Total Loss Estimation by Monte Carlo Simulation

Given a correctly specified opriskmodel, total loss for the single cells can be estimated by Monte Carlo simulation (mcSim function). The simulation result should be stored, so that afterwards Value-at-Risk can be determined by the VaR function. Especially depending on complex dependency or loss severity models, the simulation can be time consuming.

### Monte Carlo Simulation
mc_out=mcSim(opriskmodel,100,verbose=FALSE)

### Value-at-Risk Calculation
VaR(mc_out,.95)
##      95%      95%      95%      95% 
## 61310.73 76112.23 69023.18 93571.80

Single Loss Approximation

A closed form approximation of Value-at-Risk can also be determined using a tail index based quantile approximation assuming independence of the loss severity and loss frequency. This procedure is numerically fast and can e.g., be used for validating Monte Carlo simualtion based risk figures.

### Benchmark: Value-at-Risk by Single Loss Approximation
sla(opriskmodel,.95)
## OpRiskmodel - SLA:  95 % 
## ----------------------------------------------
##           VaR              Interpolation
## Cell 1 :  55966.8990739074 FALSE        
## Cell 2 :  64288.3331035468 FALSE        
## Cell 3 :  61643.0792691836 FALSE        
## Cell 4 :  52502.2602087465 FALSE

In case that the spline based interpolation is needed, it can also be graphically shown, consider the following example:

opriskmodel2 = list()
opriskmodel2[[1]] = list()
opriskmodel2[[1]]$sevdist = buildSplicedSevdist("lgamma", c(1.23, 0.012), "gpd", c(200, 716, 0.9), 2000, 0.8)
opriskmodel2[[1]]$freqdist = buildFreqdist("pois", 50)

#generate plot if interpolation was performed
sla(opriskmodel2, alpha = 0.95, plot = TRUE) 

plot of chunk unnamed-chunk-9

## OpRiskmodel - SLA:  95 % 
## ----------------------------------------------
##           VaR             Interpolation
## Cell 1 :  452936.08563854 TRUE

References

Degen, M. (2010): The calculation of minimum regulatory capital using single-loss approximations.
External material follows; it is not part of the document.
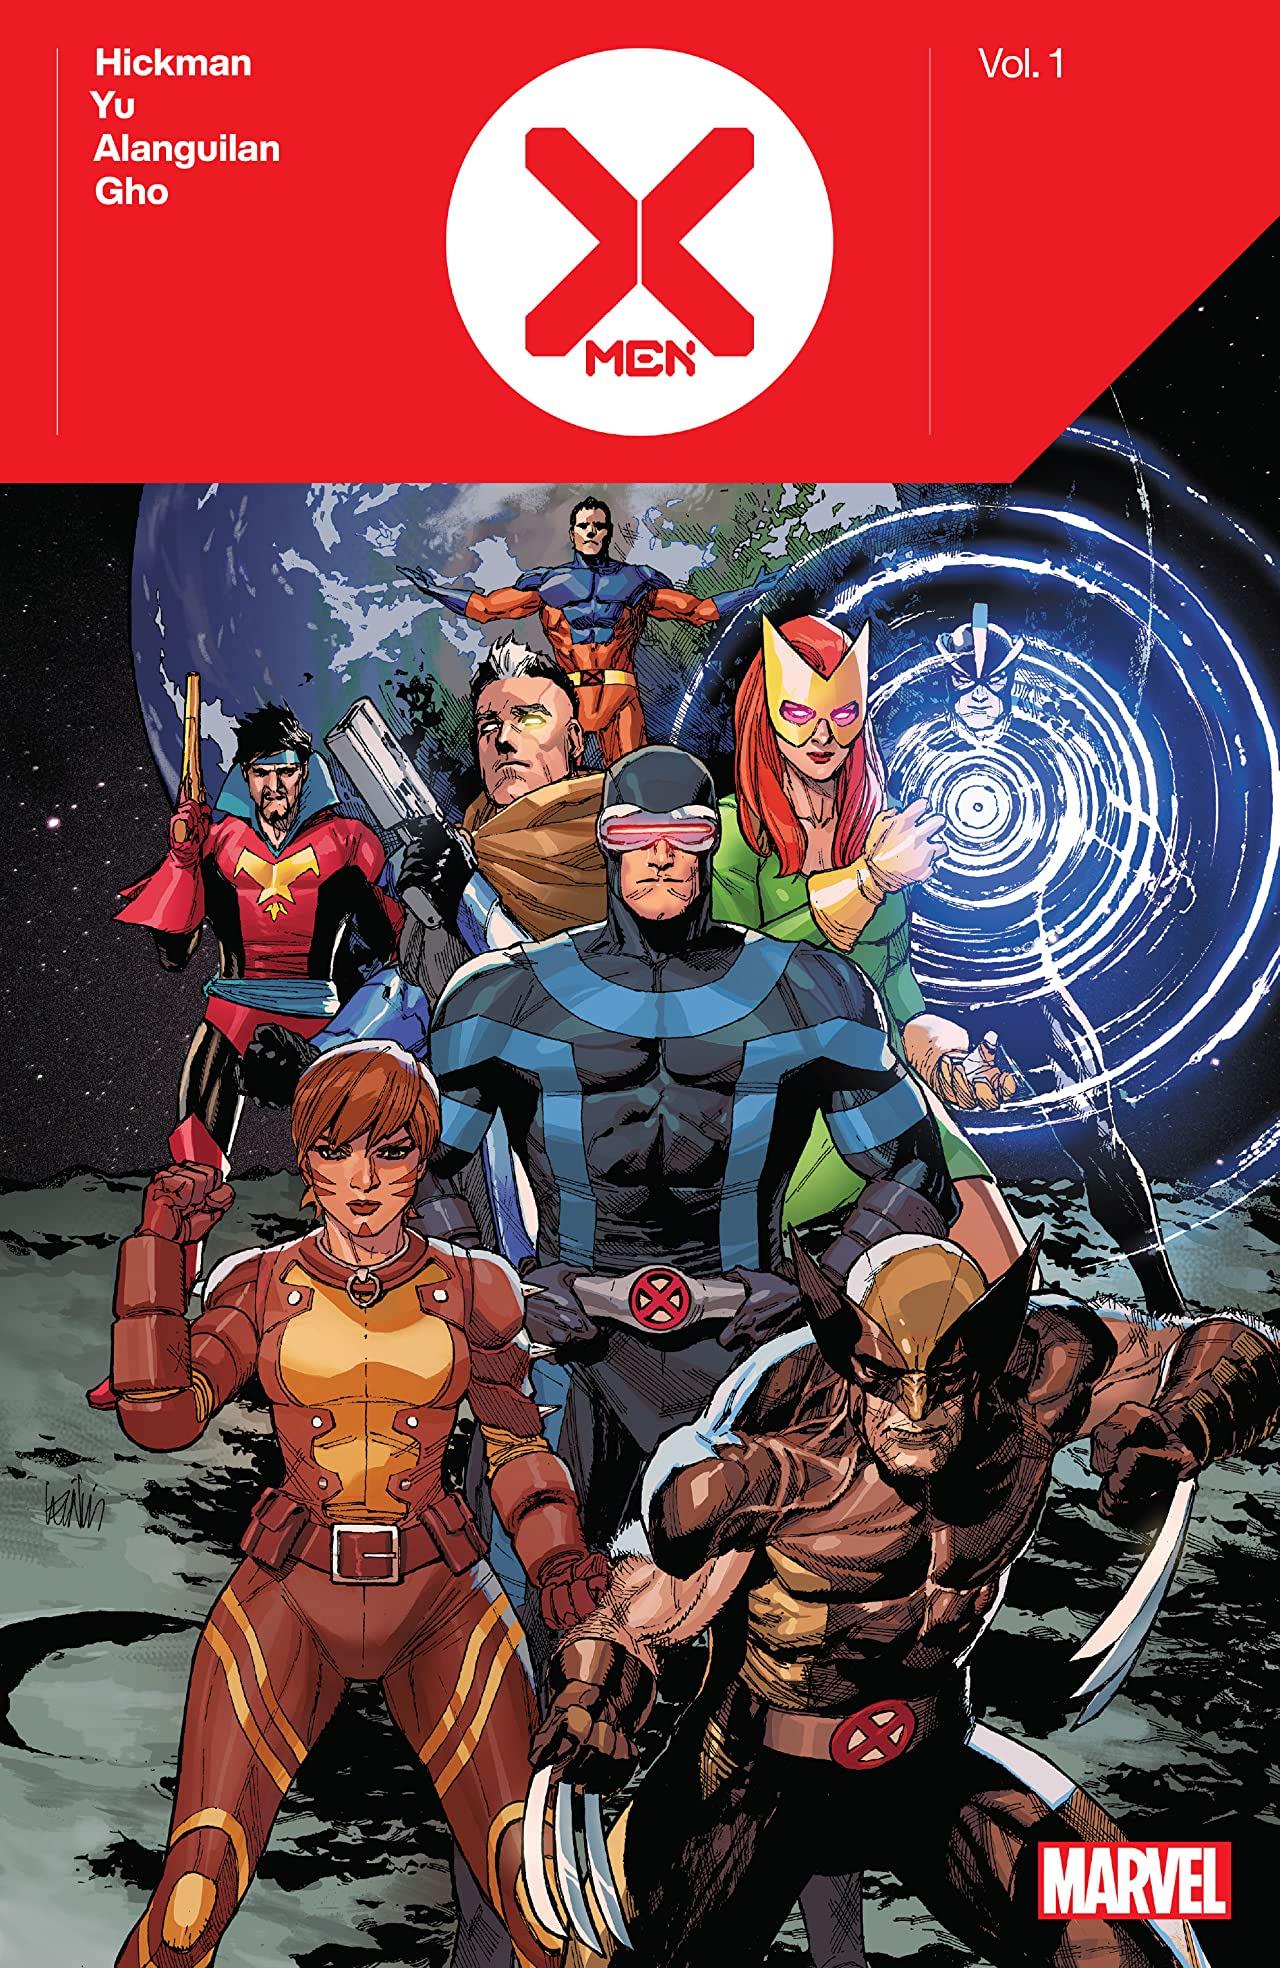 X-Men by Jonathan Hickman Vol. 1 (Trade Paperback)

The Journal of Operational Risk, 5(4), 3.

Dehler, K. (2017): Bayesianische Methoden im operationellen Risiko. Master's Thesis, Friedrich-Alexander-University Erlangen-Nuremberg.

Ergashev, B. et al. (2013): A Bayesian Approach to Extreme Value Estimation in Operational Risk Modeling. Journal of Operational Risk 8(4):55-81

Frigessi, A. et al. (2002): A Dynamic Mixture Model for Unsupervised Tail Estimation Without Threshold Selection. Extremes 5(3):219-235

Kuo, T. C. and Headrick, T. C. (2014): Simulating Univariate and Multivariate Tukey g-and-h Distributions Based on the Method of Percentiles. ISRN Probability and Statistics.
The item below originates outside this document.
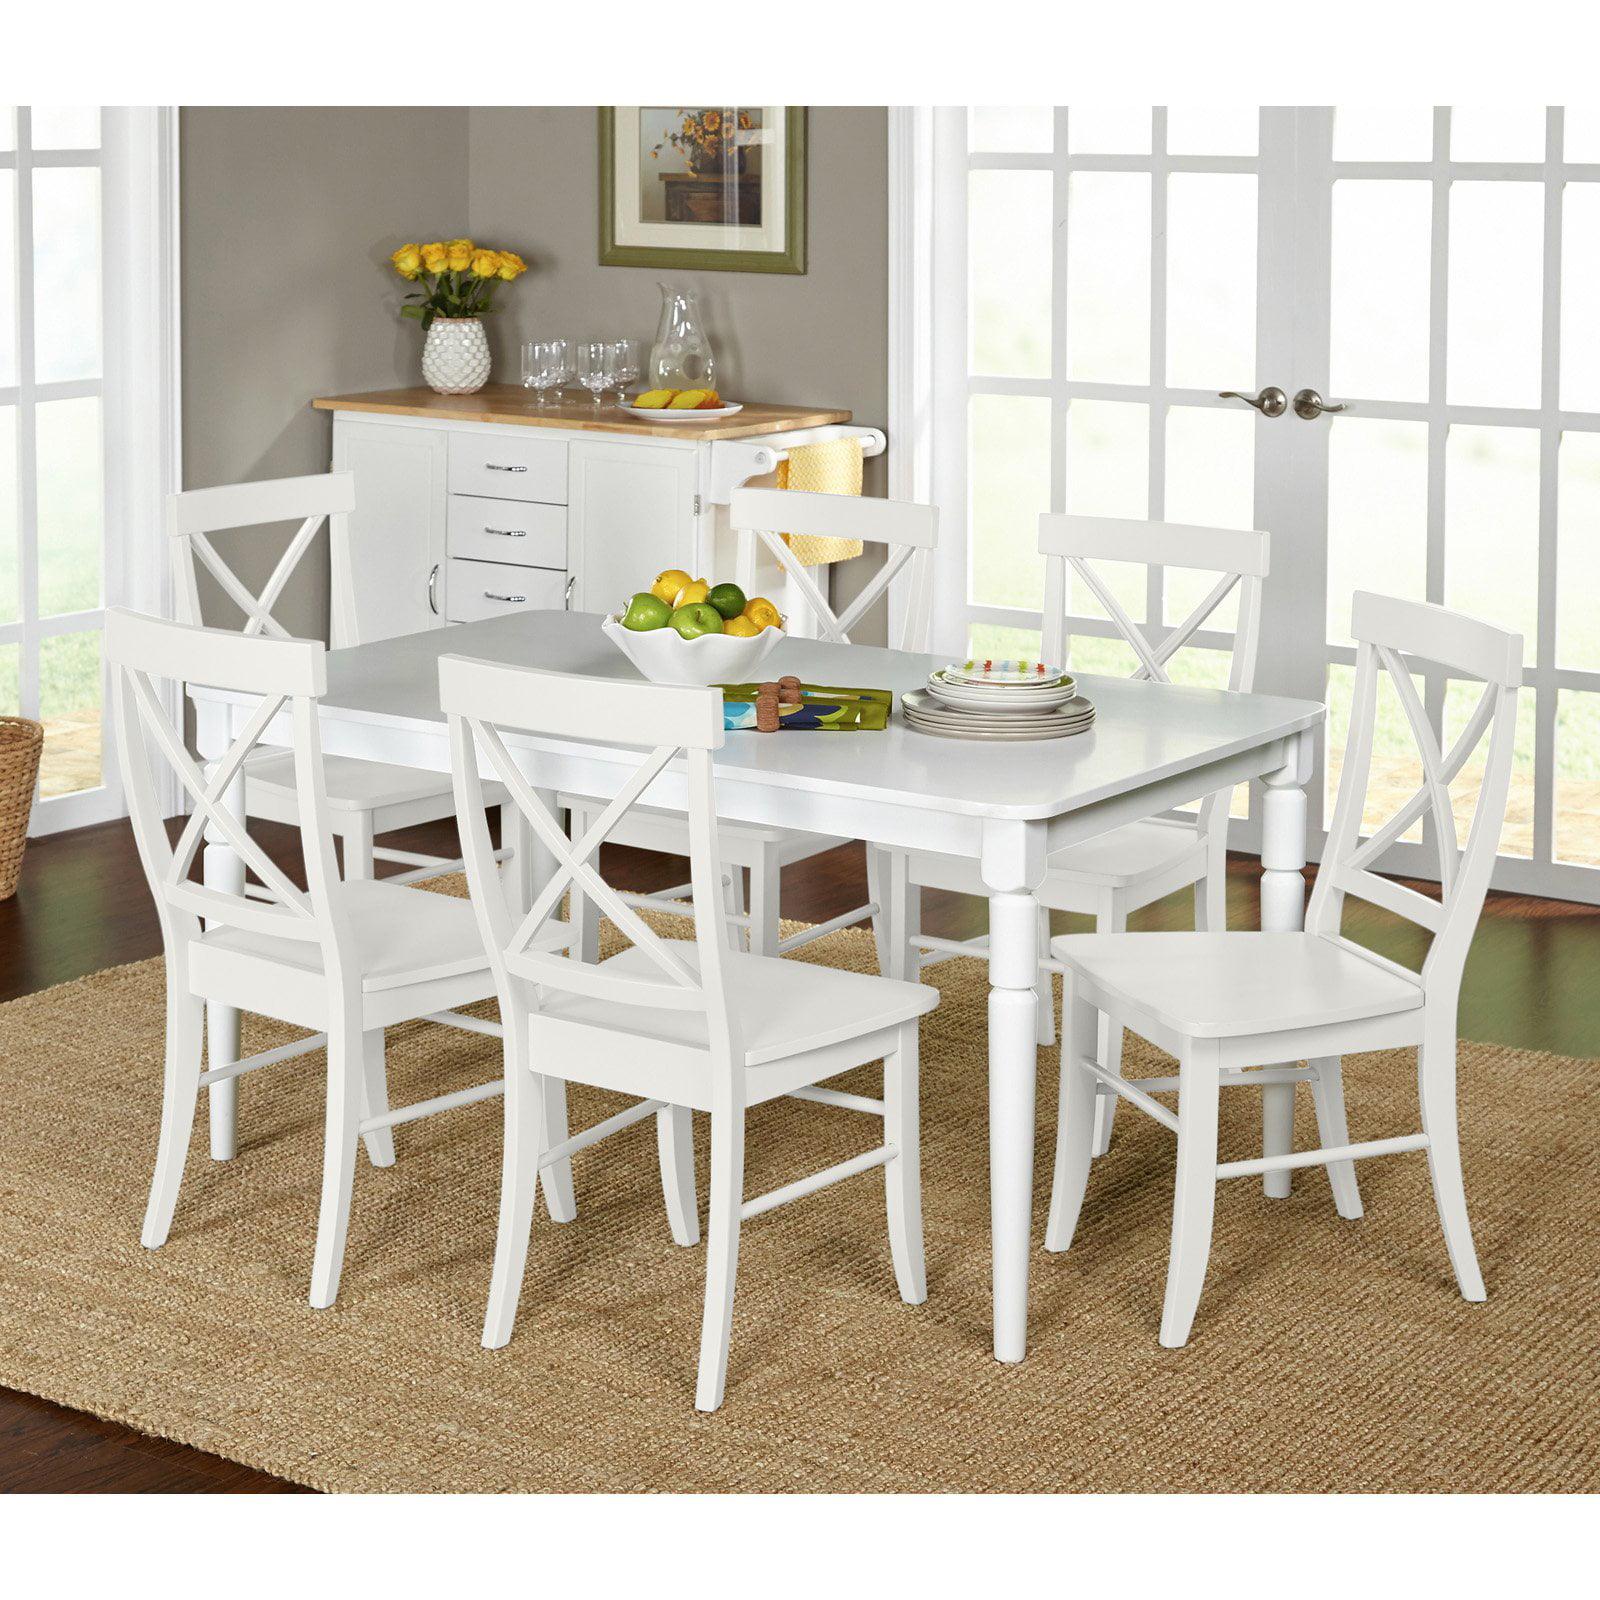 Target Marketing Systems Albury 7 Piece Dining Table Set Walmart Com

Pfaelzner, F. (2017): Einsatz von Tukey-type Verteilungen bei der Quantifizierung von operationellen Risiken. Master's Thesis, Friedrich-Alexander-University Erlangen-Nuremberg.

Reynkens, T. et al. (2017): Modelling Censored Losses Using Splicing: a global fit strategy with mixed Erlang and Extreme Value Distributions. Insurance: Mathematics and Economics 77:67-77

Tukey, J. W. (1960): The Practical Relationship between the Common Transformations of Counts of Amounts. Technical Report 36, Princeton University Statistical Techniques Research Group, Princeton.